Copilot reviewed 12 out of 12 changed files in this pull request and generated 6 comments.

Review found three real issues:

1. Enabling the fast path REGRESSED non-simple paths. JsonFunctions.jsonPath
   compiles a SimpleJsonPath per row, and the Guava maximumSize cache takes a
   segment lock on every read to maintain its LRU recency queue. That is a
   second contended cache read per row on top of Jayway's own, measured at
   ~+11% on a rejected path at 8 threads (invisible single-threaded). Replaced
   with a ConcurrentHashMap: lock-free reads, growth bounded by refusing new
   entries when full (re-parsing a path is a few dozen char comparisons, so the
   miss is cheaper than maintaining an eviction policy).

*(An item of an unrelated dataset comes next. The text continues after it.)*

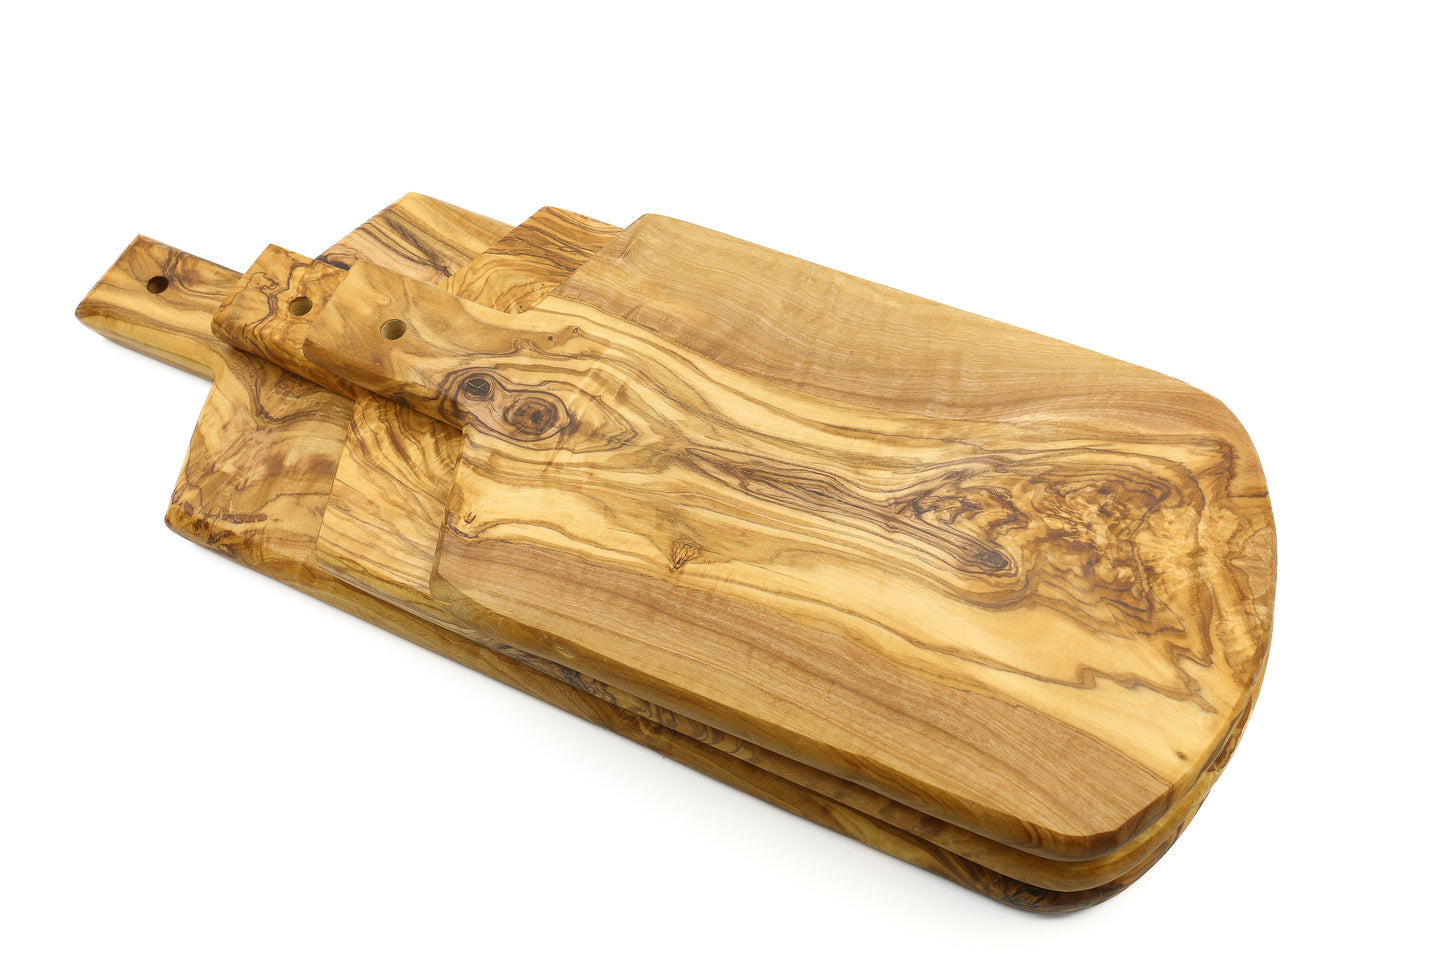 Serving board made of olive wood in a shield shape with a handle

2. The "byte-for-byte identical to Jayway" claim was too strong. Jayway builds a
   DOM of the whole document, so it materializes and validates values the path
   never addresses; this extractor skips those subtrees. A value Jackson can lex
   but not materialize therefore raises in Jayway and not here - an over-long
   string (> maxStringLength), and, under useBigDecimal, a float whose exponent
   overflows an int. Both only differ when the value sits OUTSIDE the addressed
   path; when it IS the addressed value, both raise. This is inherent to the
   optimization (matching it would mean materializing every string in every
   document) and the extractor never returns a different value for the addressed
   path - it only declines to fail on values the caller did not ask about.
   Documented on the class and pinned with a test so it cannot widen unnoticed.

3. The useBigDecimal context - which backs jsonExtractScalar STRING/BIG_DECIMAL,
   the most common result types - was never fuzzed, because the existing fuzzers
   all route through JsonFunctions, which hard-codes it off. That gap is what hid
   (2). Added a dedicated 20k-iteration BigDecimal fuzz against its own oracle.

Also addressed review comments: guard a null jsonPath so it falls back to Jayway
rather than raising a different exception, validate the multi-path out[] length,
correct the startup warning that claimed to ignore a flag it actually applies,
and reset both flags (not just one) in the fast-path test classes, which mutate
global state shared across the fork.